Nineteenth-Century French Drawings from the Cleveland Museum of Art
Drawing transformed radically in 19th-century France, expanding from a means of artistic training to an independent medium with rich potential for exploration and experimentation. A variety of materials became available to artists—such as commercially fabricated chalks, pastels, and specialty papers—encouraging figures ranging from Jean-Auguste-Dominique Ingres to Paul Cezanne to reconsider the place of drawing within their artistic practices. A growing number of public and private exhibition venues began to display their creations, building an audience attracted by the intimacy of drawings and their unique techniques and subjects. In France and abroad, museums and individuals alike started to actively acquire these works while they were still contemporary art.
This exhibition celebrates the Cleveland Museum of Art’s internationally recognized holdings of 19th-century French drawings—a cornerstone of its collection since the institution opened in 1916. Over the past century, the CMA has acquired exceptional and diverse sheets—from one with sketches made by a young Edgar Degas during his first trip to Italy to the first drawing by Henri de Toulouse-Lautrec to enter an American museum collection.

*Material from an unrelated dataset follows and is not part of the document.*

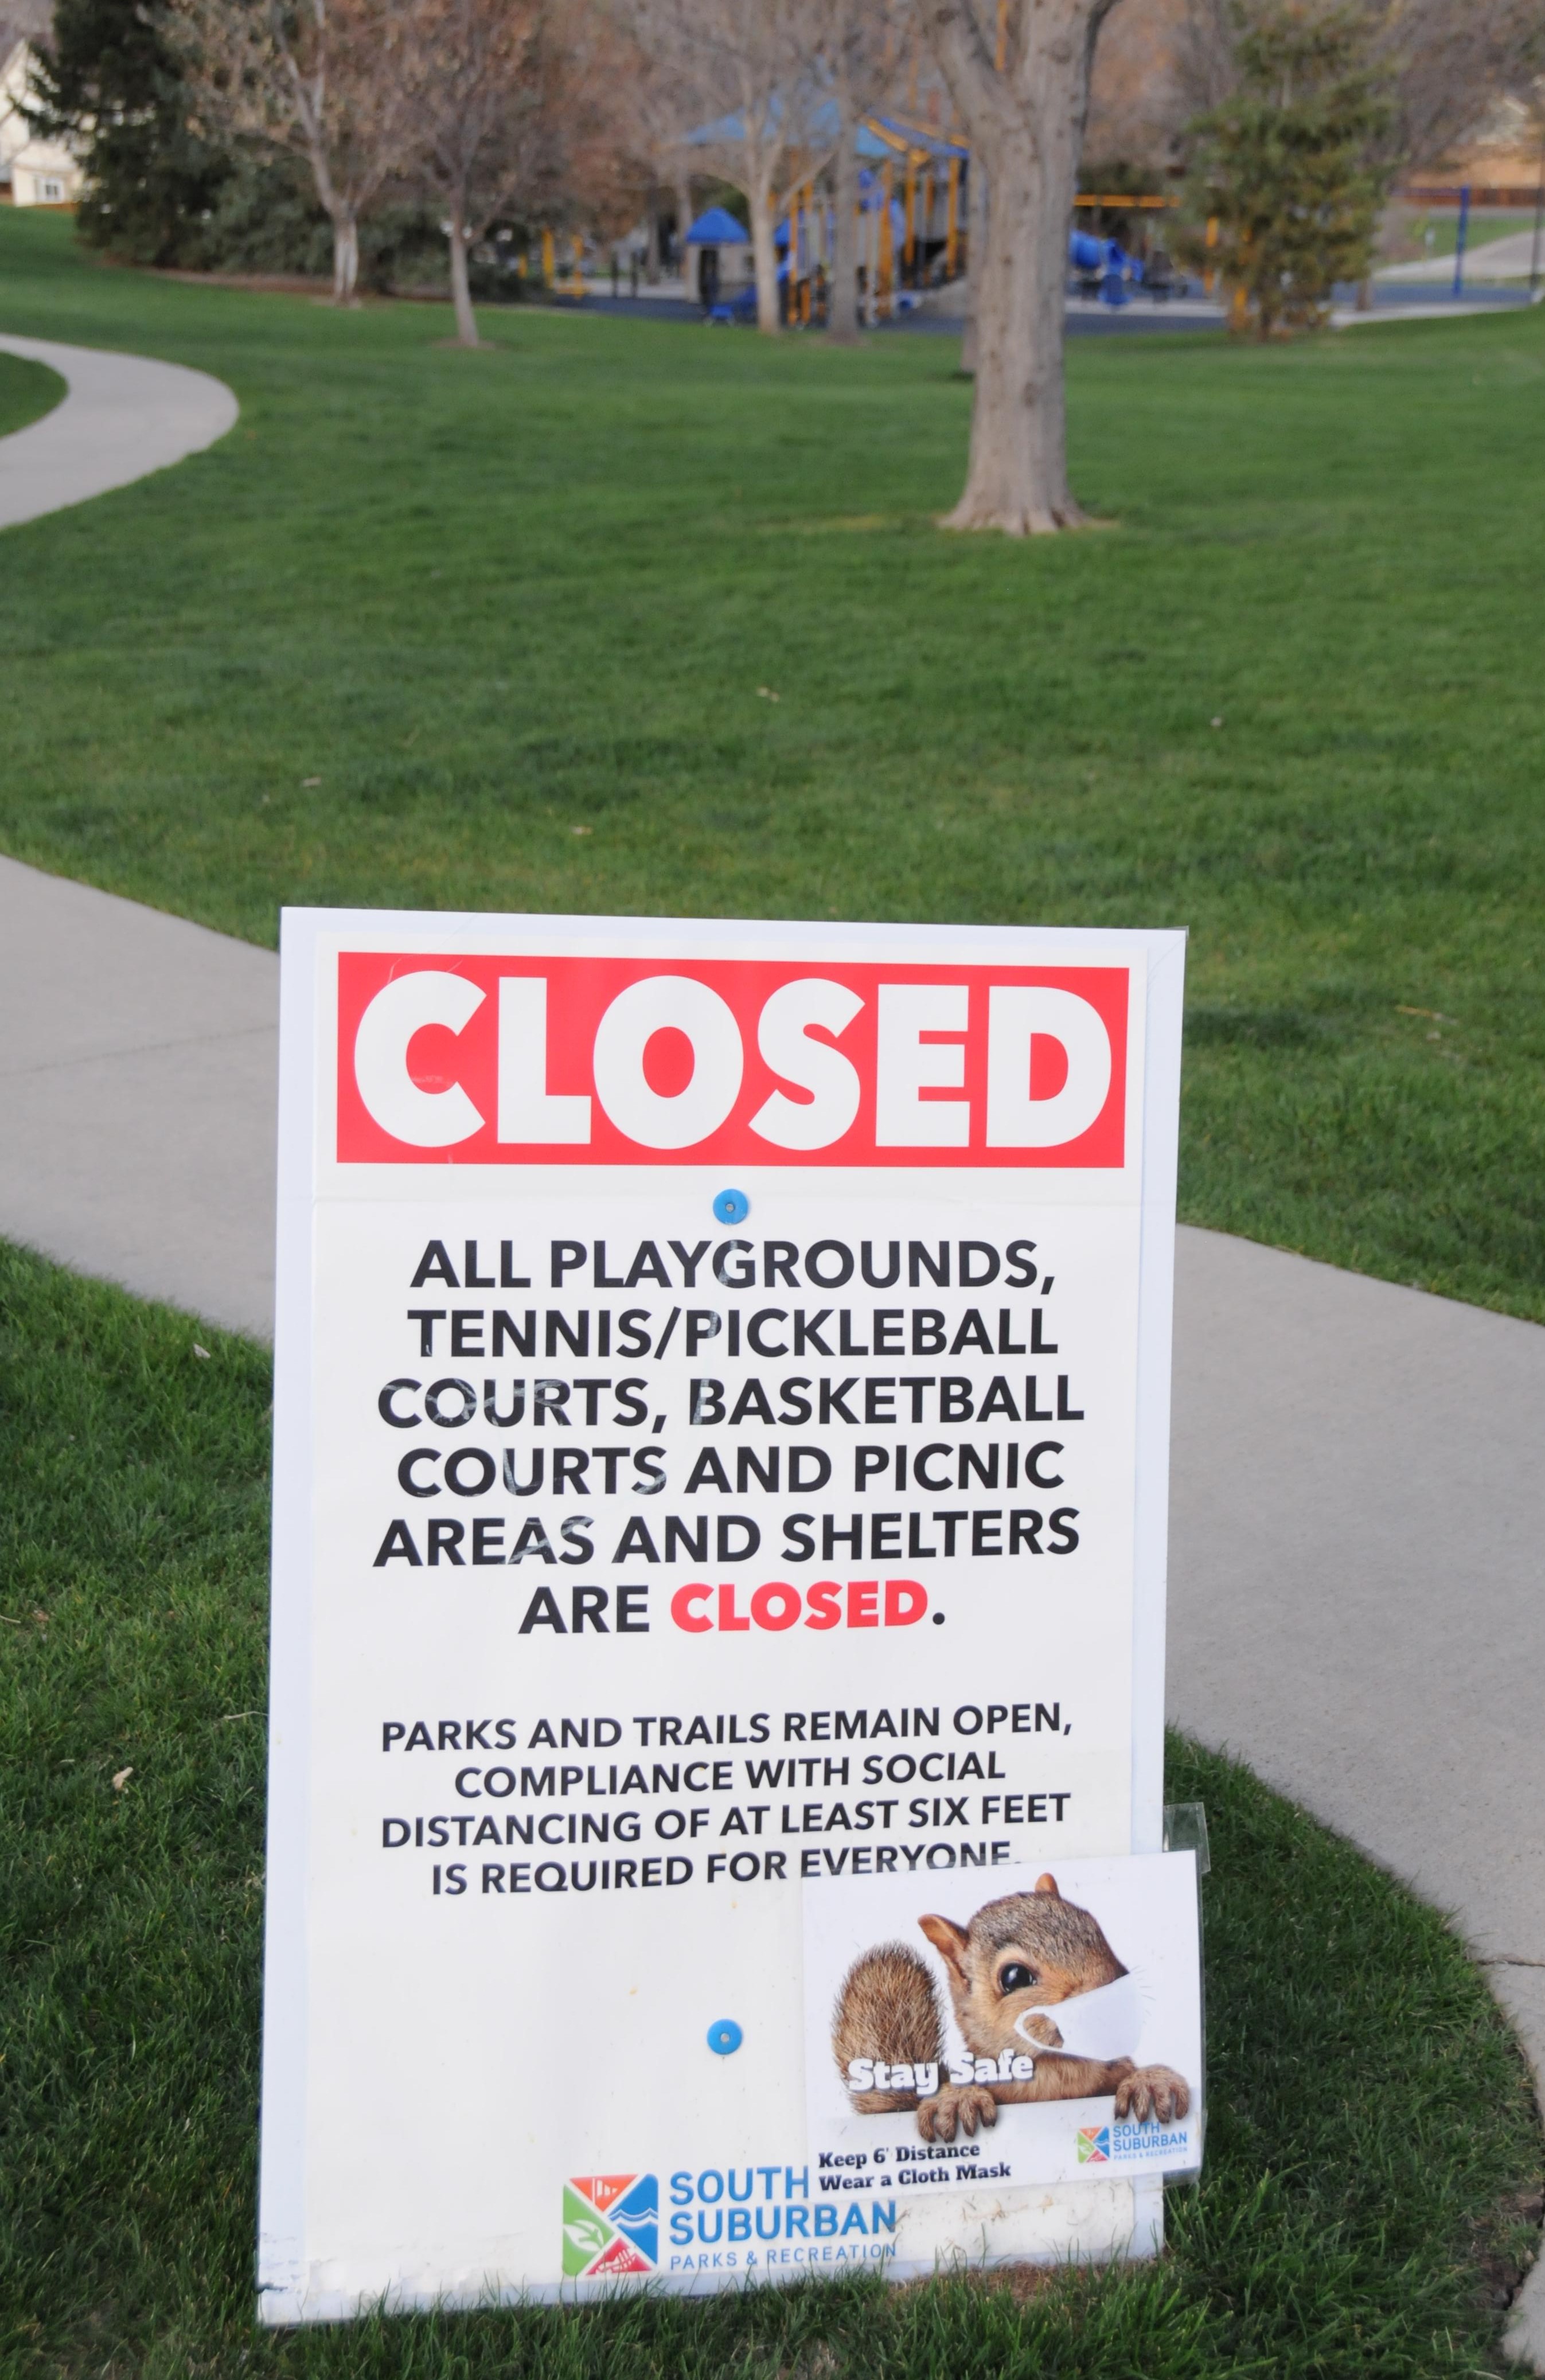 Photo of a sign posted in a park, indicating that the park has been closed due to pandemic protocols. It says," Closed: All playgrounds, tennis/pickleball courts, basketball courts, and picnic areas and shelters are closed. Parks and trails remain open, compliance with social distancing of at least 6 feet is required for everyone." There is a photo of a squirrel wearing a face mask at the bottom of the sign.

The approximately 50 featured artworks explore the history of drawing in 19th-century France and chronicle the remarkable role the medium has played at the CMA. Following landmark acquisitions, across a number of decades, by such iconic artists as Honoré Daumier, Berthe Morisot, and Pierre-Auguste Renoir, the CMA has continued to enhance and deepen its collection of drawings. The numerous recently acquired works in this exhibition include a luminous colored pencil study by symbolist artist Alexandre Séon and a group of “noir” drawings—named for their use of varied black drawing media—by Henri Fantin-Latour, Albert-Charles Lebourg, and Adolphe Appian, among others.